# TASK TO COMPLETE
Without changing a word, copy every line of the listing below and leave out the images.

# RECORDED INFORMATION
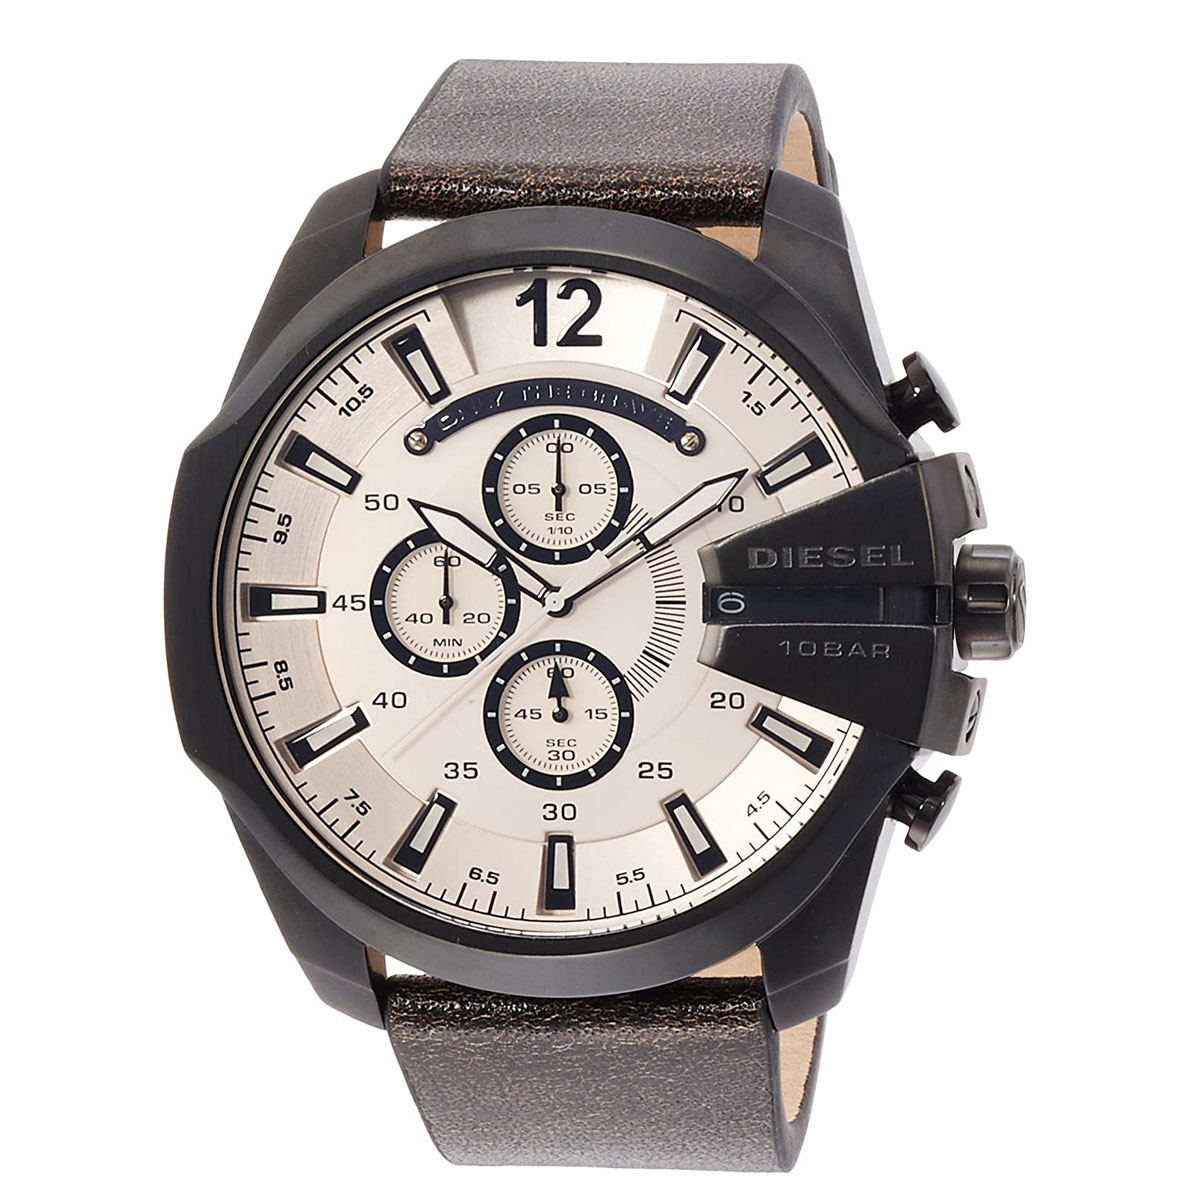 ディーゼル DIESEL 腕時計 DZ4422 MEGACHIEF メガチーフ メンズ ウォッチ 革ベルト ベージュ＋ブラック ディーゼル DIESEL 腕時計 メンズ
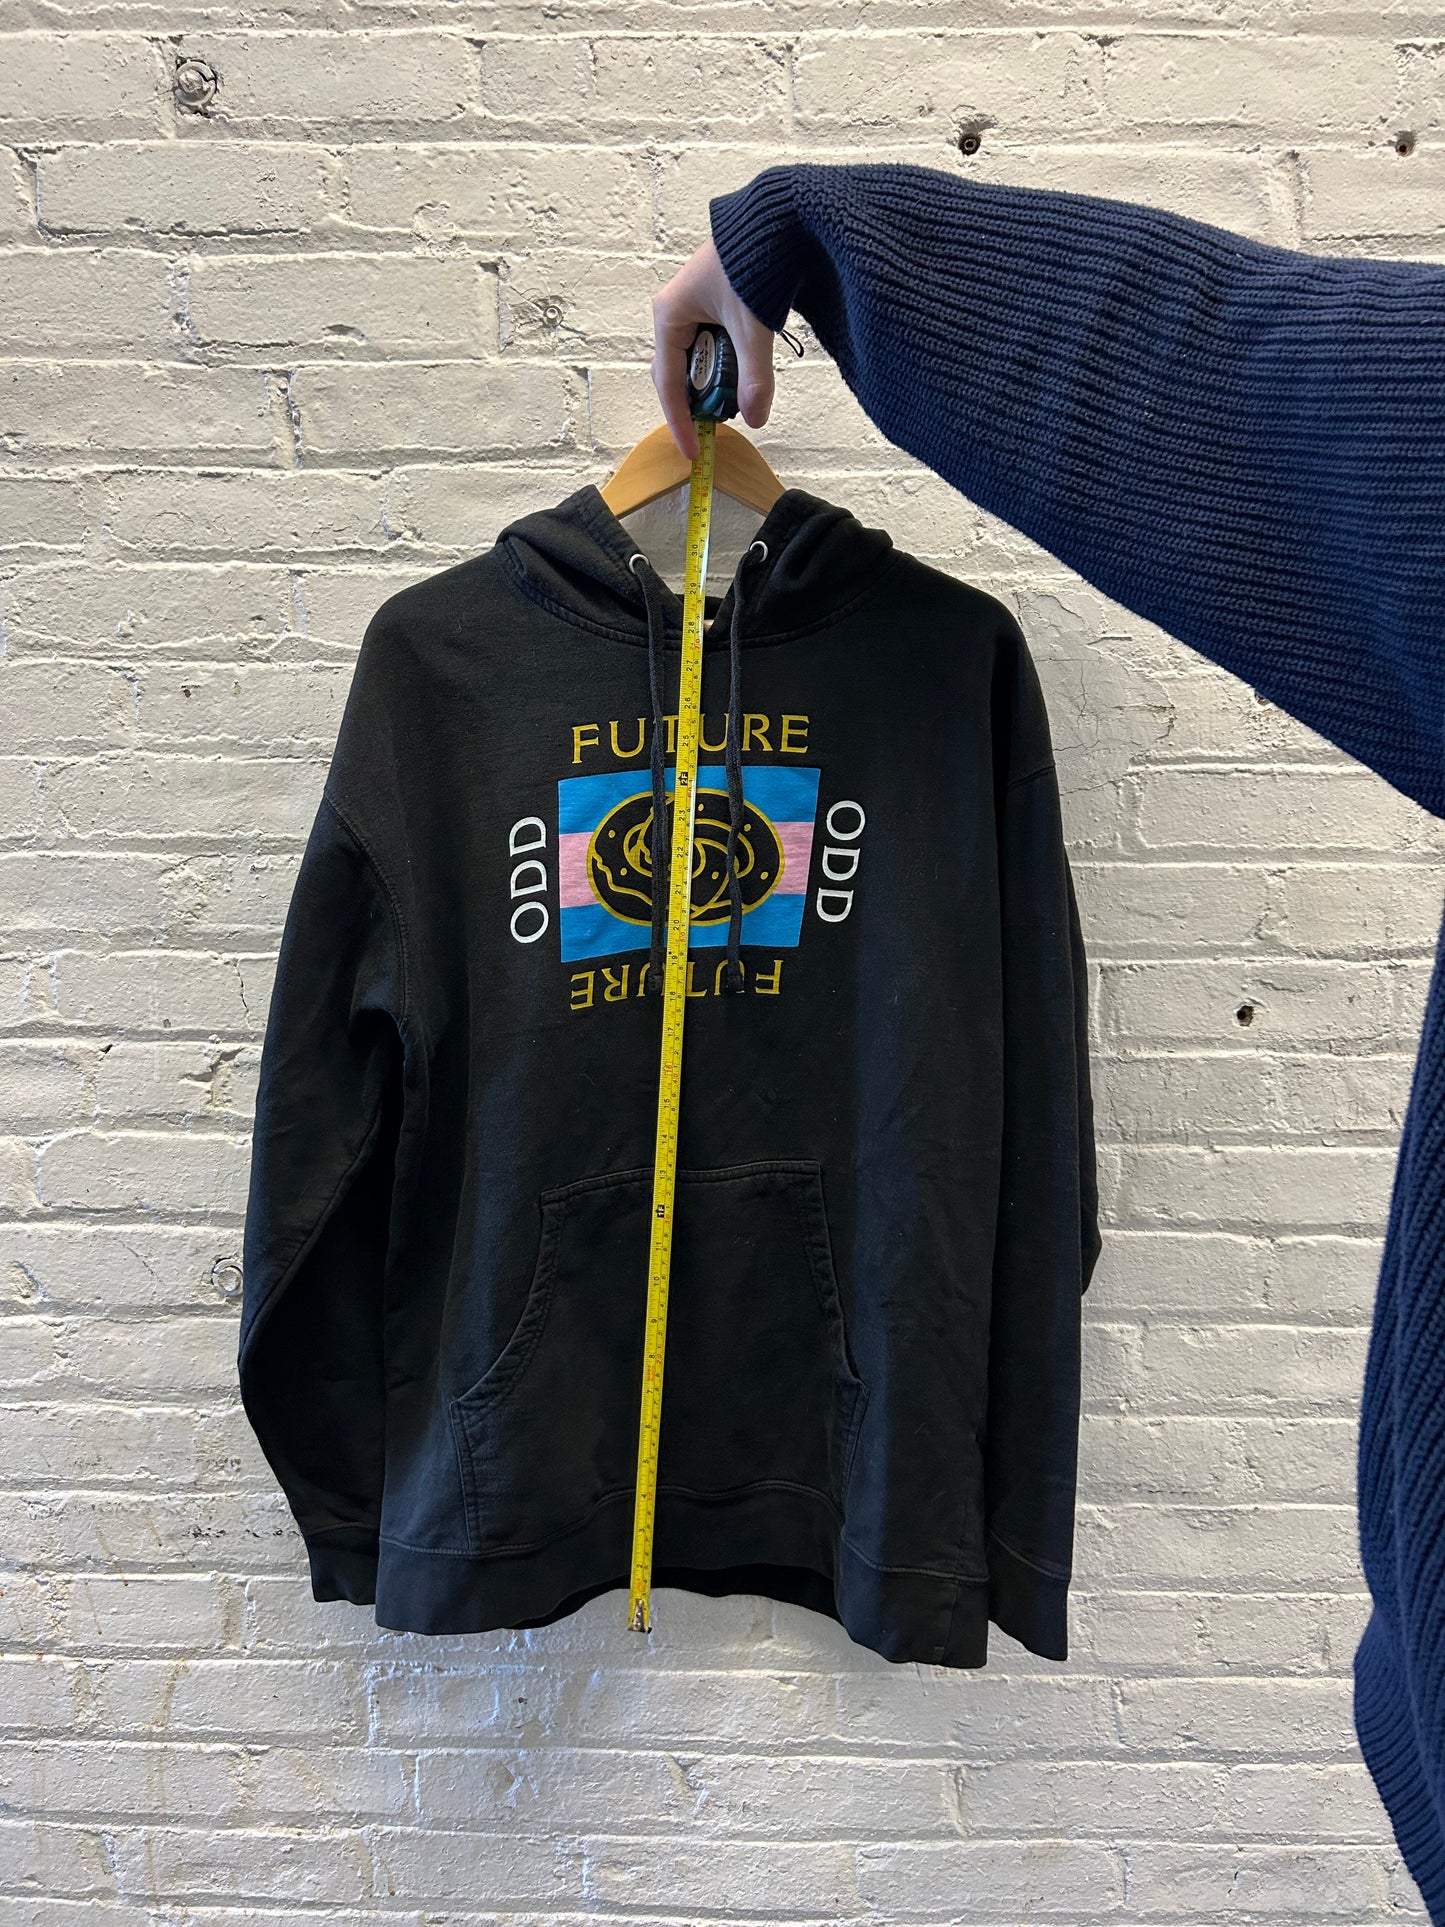 Odd Future Sweatshirt - XL
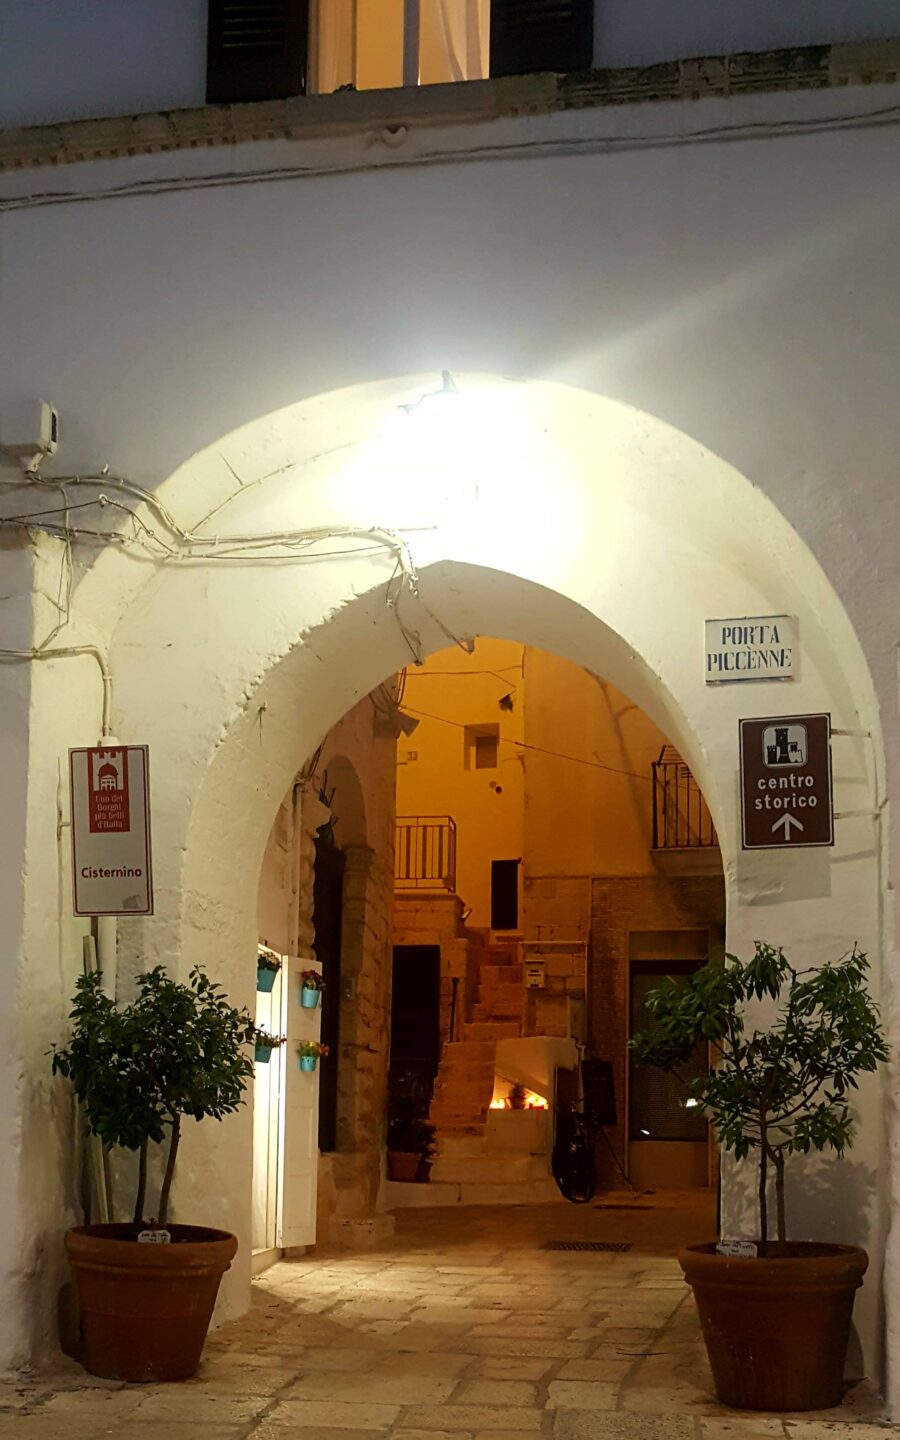 Porta d'ingresso al centro storico di Cisternino

# EXERCISE RESULT
 ディーゼル DIESEL 腕時計 DZ4422 MEGACHIEF メガチーフ メンズ ウォッチ 革ベルト ベージュ＋ブラック ディーゼル DIESEL 腕時計 メンズ
 Odd Future Sweatshirt - XL
 Porta d'ingresso al centro storico di Cisternino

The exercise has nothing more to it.